Exercise description — When you reach the line in the listing below that contains "Wunderschönes Design in", begin returning lines exactly as written, and stop after the line that contains "Seltener Diamantengehalt, bestehend aus 7". Return no other lines.

Given information —
★ ★ ★ ★ ★ ★ ★

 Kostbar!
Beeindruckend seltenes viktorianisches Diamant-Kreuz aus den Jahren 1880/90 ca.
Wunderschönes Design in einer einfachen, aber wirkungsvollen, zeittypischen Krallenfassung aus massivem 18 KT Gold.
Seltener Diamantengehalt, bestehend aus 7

★ ★ ★ ★ ★ ★ ★

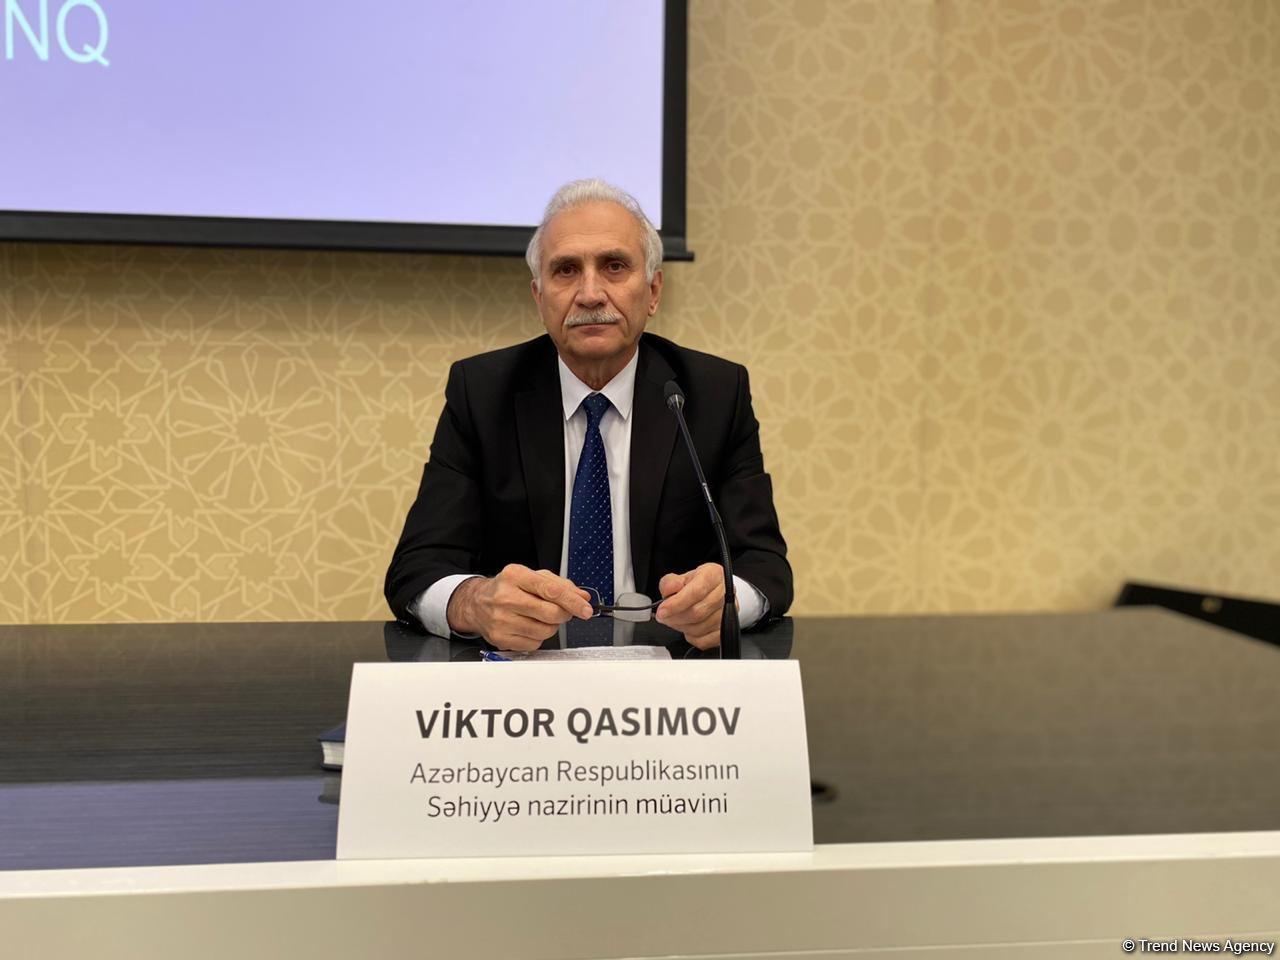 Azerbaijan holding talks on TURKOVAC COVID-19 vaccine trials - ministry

★ ★ ★ ★ ★ ★ ★

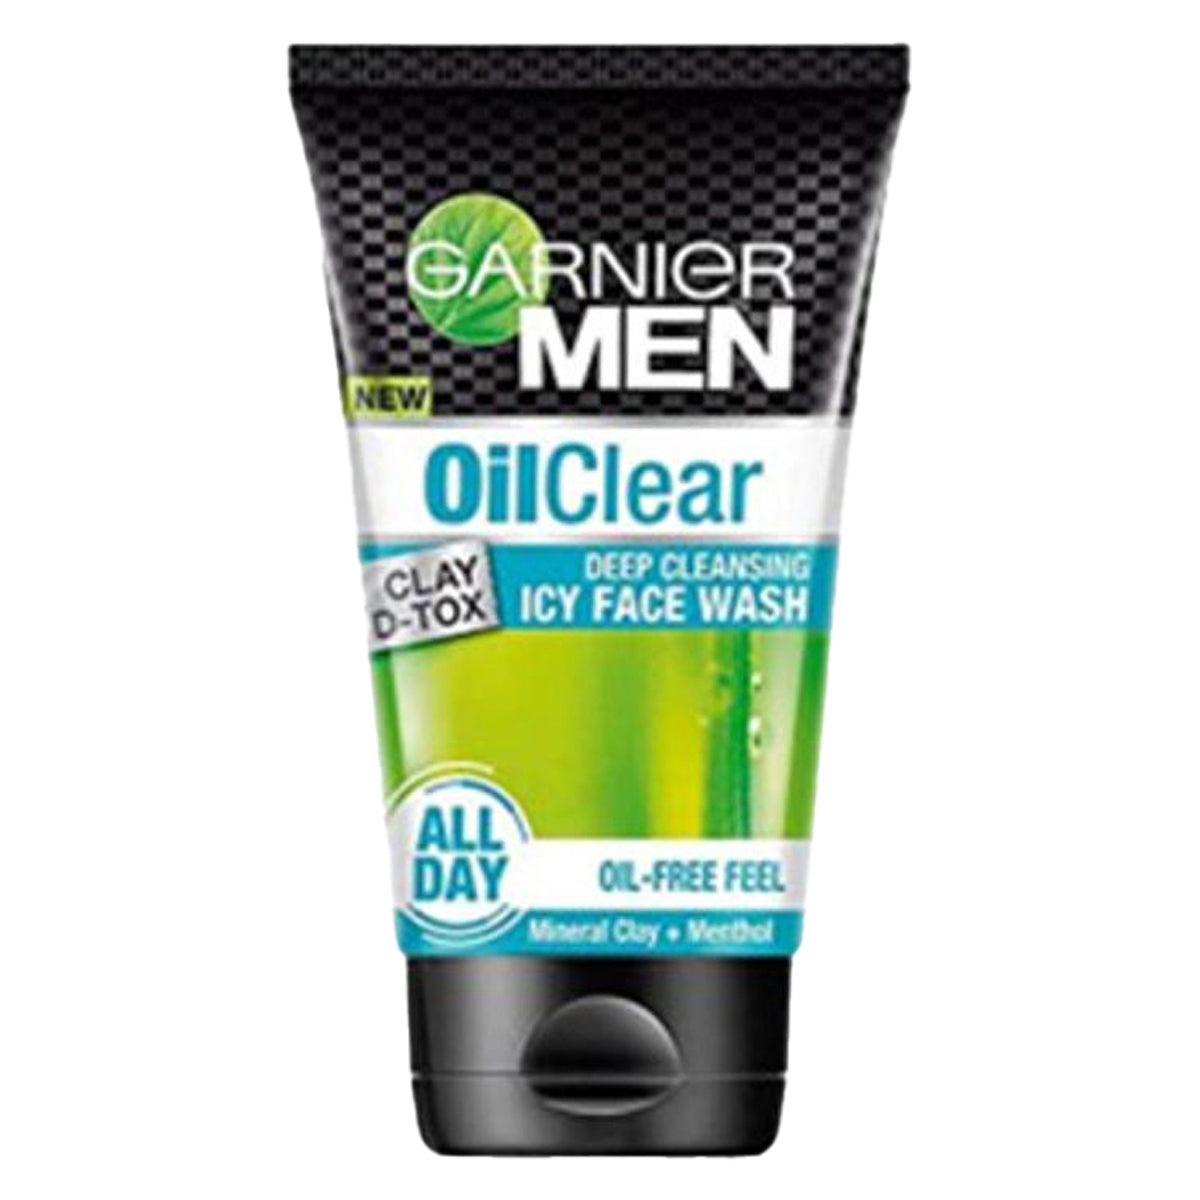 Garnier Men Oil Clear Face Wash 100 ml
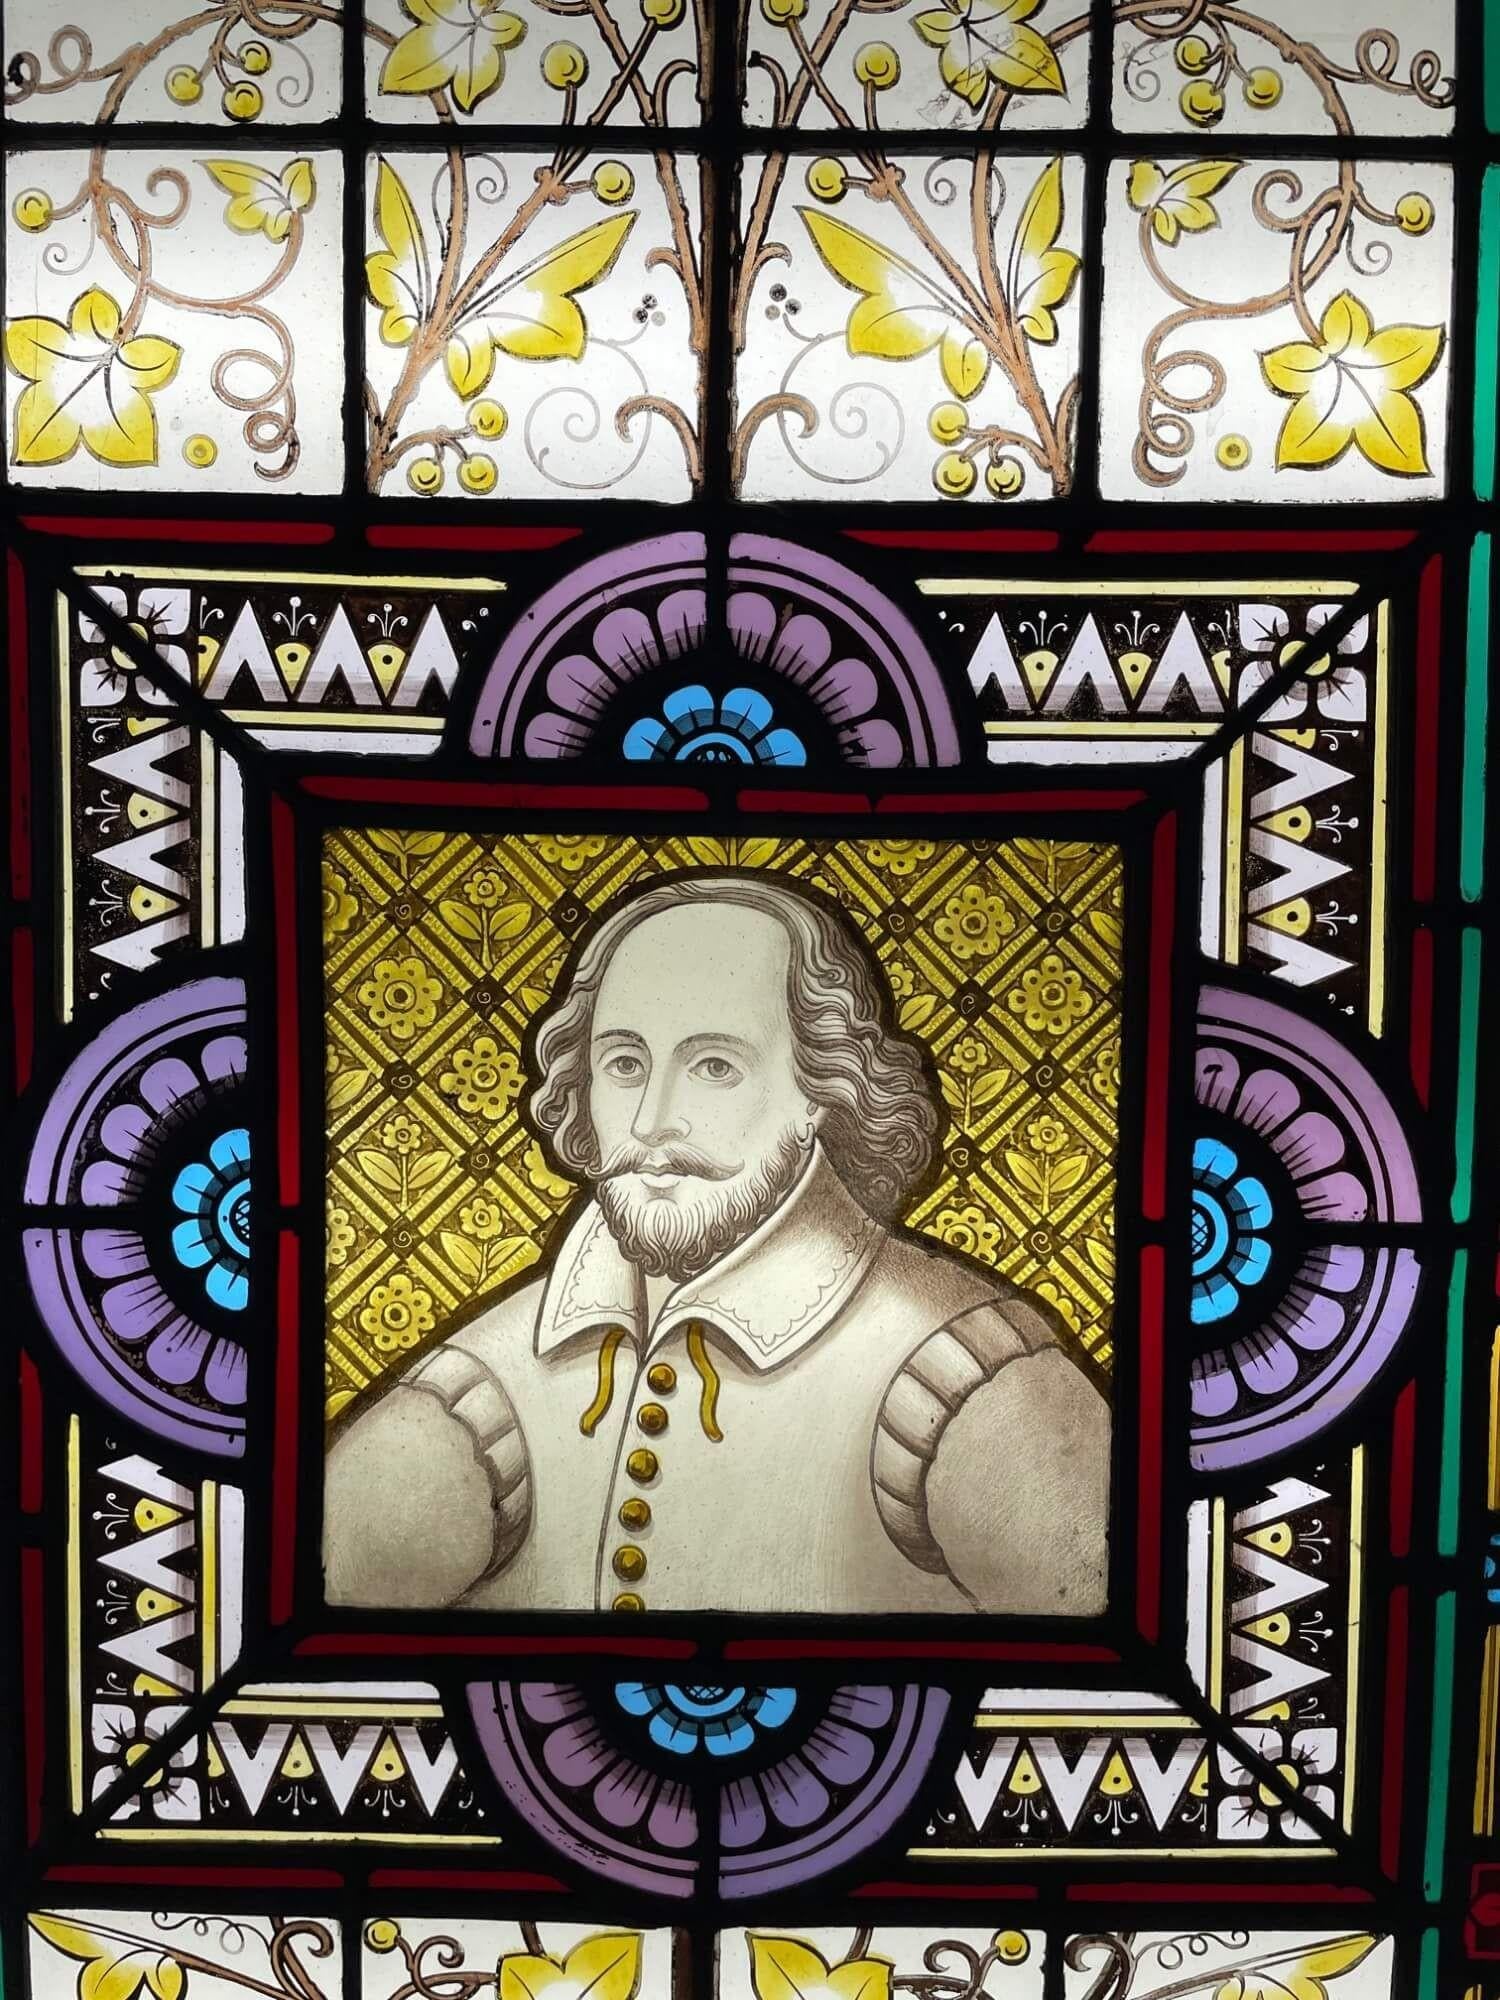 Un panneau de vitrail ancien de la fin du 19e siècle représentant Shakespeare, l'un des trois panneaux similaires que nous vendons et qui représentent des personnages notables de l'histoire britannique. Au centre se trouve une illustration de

★ ★ ★ ★ ★ ★ ★

Written response —
Wunderschönes Design in einer einfachen, aber wirkungsvollen, zeittypischen Krallenfassung aus massivem 18 KT Gold.
Seltener Diamantengehalt, bestehend aus 7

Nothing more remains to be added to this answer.